Phenytoin, Carbamazepine and Rifampicin: In patients treated with potent inducers of CYP3A4 (i.e. phenytoin, carbamazepine, and rifampicin), the clearance of ondansetron was increased and ondansetron blood concentrations were decreased.
Tramadol: Data from small studies indicate that ondansetron may reduce the analgesic effect of tramadol.
4.6 Pregnancy and lactation
Pregnancy
Data on a limited number of exposed pregnancies indicate no adverse effects of ondansetron on pregnancy or on the health of the foetus/newborn child. To date, no other relevant epidemiological data are available. Animal studies do not indicate direct or indirect harmful effects with respect to pregnancy, embryonal/foetal development, parturition or postnatal development. Use in human pregnancy has not been established and is not recommended. If it is absolutely necessary that ondansetron be given caution should be exercised when prescribing to pregnant women especially in the first trimester. A careful risk/benefit assessment should be performed.
Lactation
Tests have shown that ondansetron passes into the milk of lactating animals (see section 5.3). It is therefore recommended that mothers receiving ondansetron should not breast-feed their babies.

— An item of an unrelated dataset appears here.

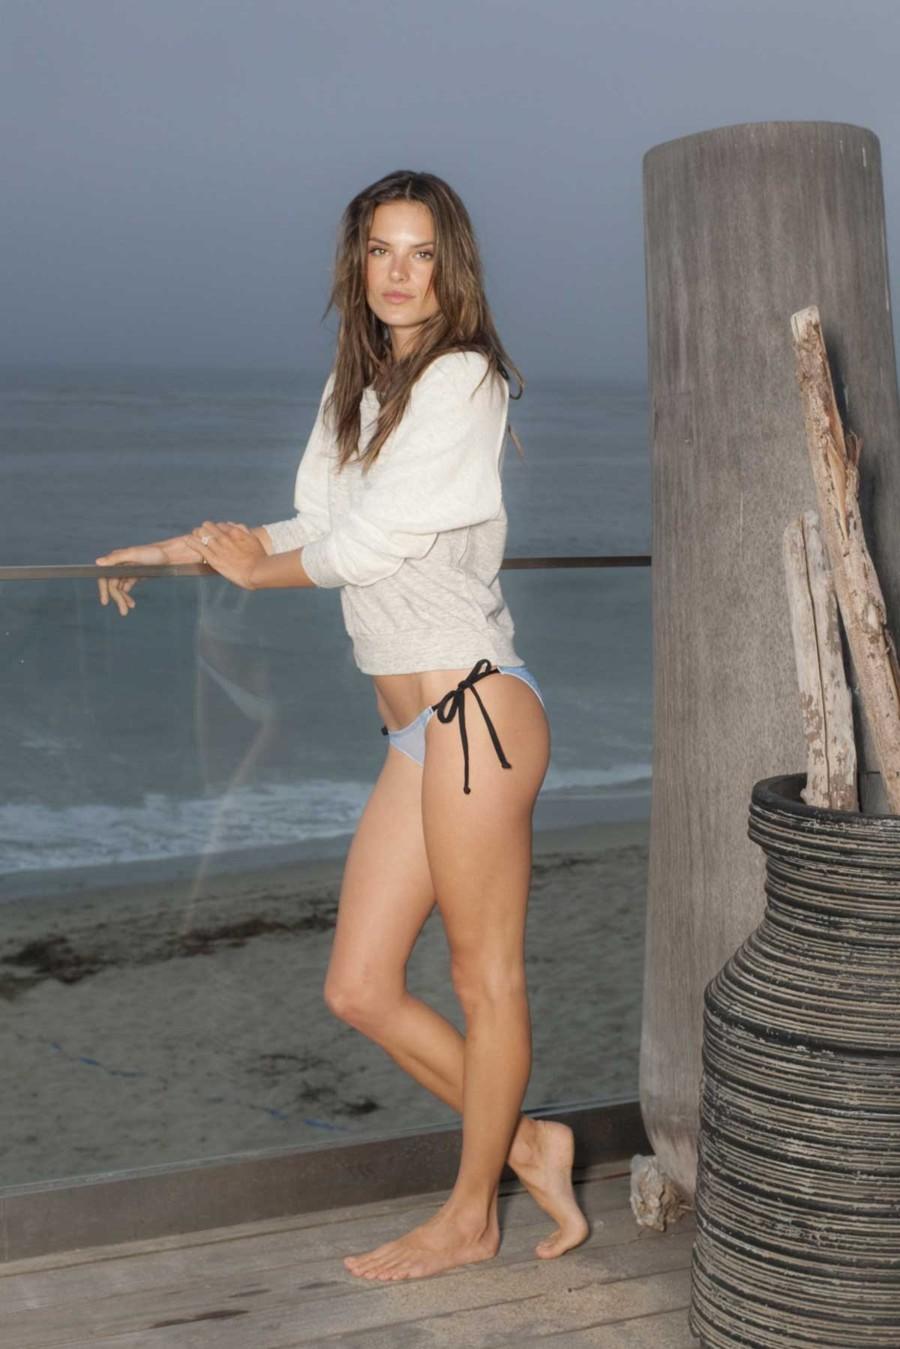 Photabota Alessandra Ambrosio Bikini Bottoms Leg Show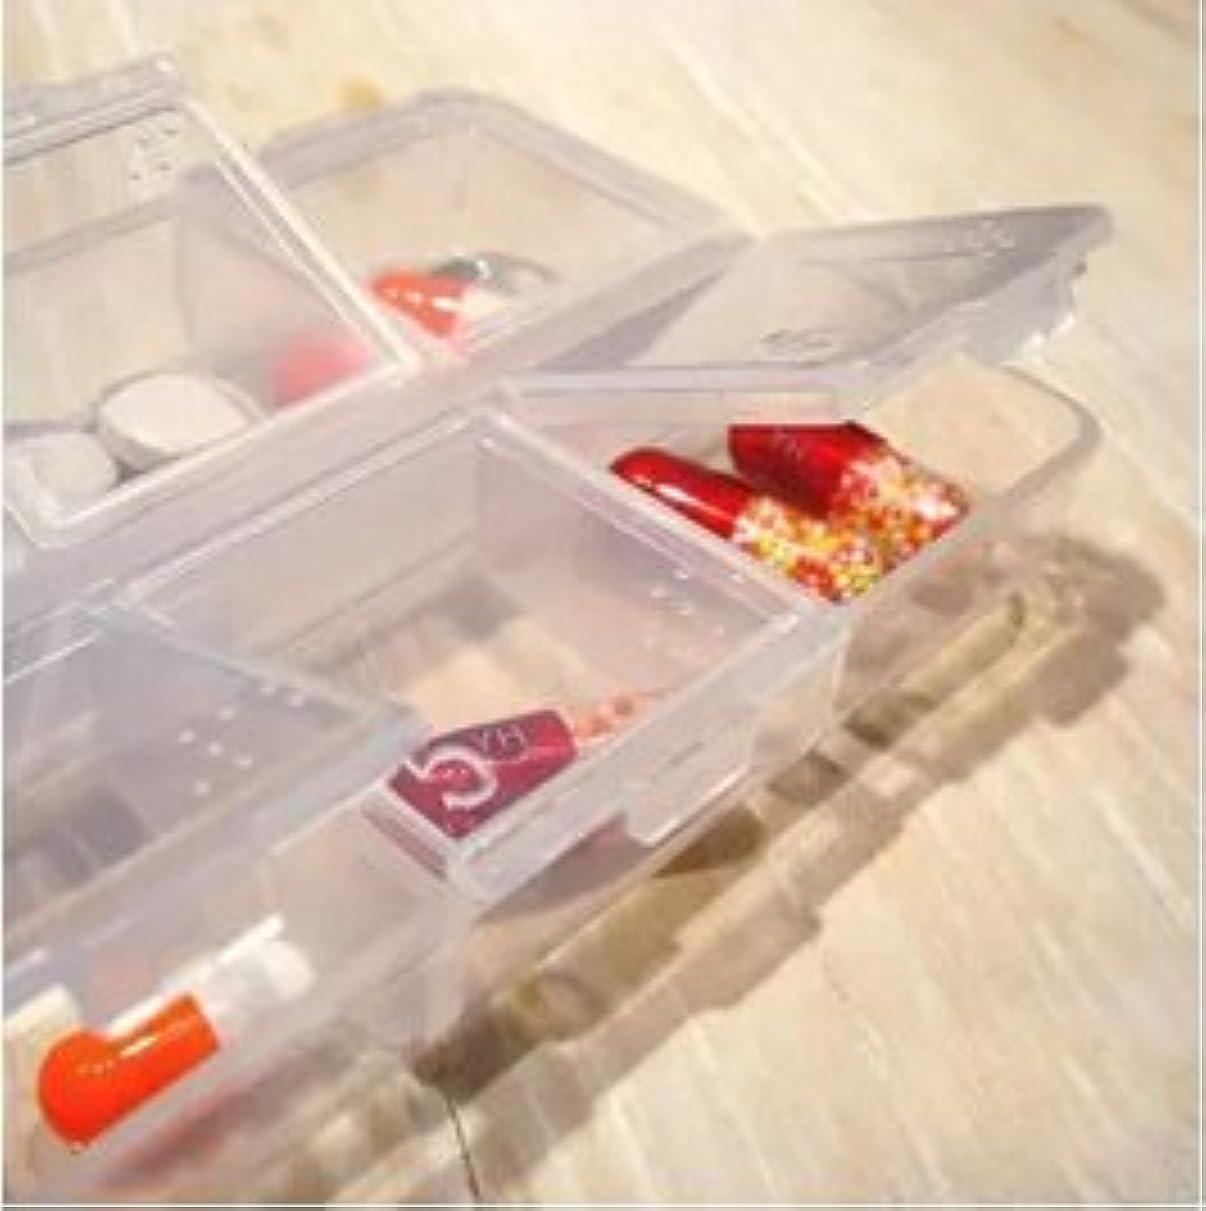 是正する約束する会話Lorny (TM) 【送料無料】6スロット透明なプラスチックピルボックス医学オーガナイザー多機能ピルケースポータブルストレージボックス [並行輸入品]

4.7 Effects on ability to drive and use machines
Ondansetron has no or negligible influence on the ability to drive and use machines.
4.8 Undesirable effects
Adverse events are listed below by system organ class and frequency. Frequencies are defined as: very common ( 1/10), common ( 1/100 and <1/10), uncommon ( 1/1000 and <1/100), rare ( 1/10,000 and <1/1000) and very rare (<1/10,000) including isolated reports. Very common, common and uncommon events were generally determined from clinical trial data. The incidence in placebo was taken into account. Rare and very rare events were generally determined from post-marketing spontaneous data.
The following frequencies are estimated at the standard recommended doses of ondansetron according to indication and formulation.
Immune system disorders
Rare: Immediate hypersensitivity reactions sometimes severe, including anaphylaxis.
Nervous system disorders
Very common: Headache.
Uncommon: Extrapyramidal reactions (such as oculogyric crisis/dystonic reactions) have been observed without definitive evidence of persistent clinical sequelae; seizures.
Rare: Dizziness during rapid intravenous administration.
Eye disorders
Rare: Transient visual disturbances (eg. blurred vision) predominantly during rapid intravenous administration.
Very rare: transient blindness predominantly during intravenous administration.
The majority of the blindness cases reported resolved within 20 minutes. Most patients had received chemotherapeutic agents, which included cisplatin. Some cases of transient blindness were reported as cortical in origin.
Cardiac disorders
Uncommon: Arrhythmias, chest pain with or without ST segment depression, bradycardia.
Vascular disorders
Common: Sensation of warmth or flushing.
Uncommon: Hypotension.
Respiratory, thoracic and mediastinal disorders
Uncommon: Hiccups.
Gastrointestinal disorders
Common: Constipation. Local burning sensation following insertion of suppositories.
Hepatobiliary disorders
Uncommon: Asymptomatic increases in liver function tests.
These events were observed commonly in patients receiving chemotherapy with cisplatin.
General disorders and administration site conditions
Common: Local intravenous injection site reactions
4.9 Overdose
Little is known at present about overdosage with ondansetron, however, a limited number of patients received overdoses. Manifestations that have been reported include visual disturbances, severe constipation, hypotension and a vasovagal episode with transient second degree AV block. In all instances, the events resolved completely. There is no specific antidote for ondansetron, therefore in all cases of suspected overdose, symptomatic and supportive therapy should be given as appropriate.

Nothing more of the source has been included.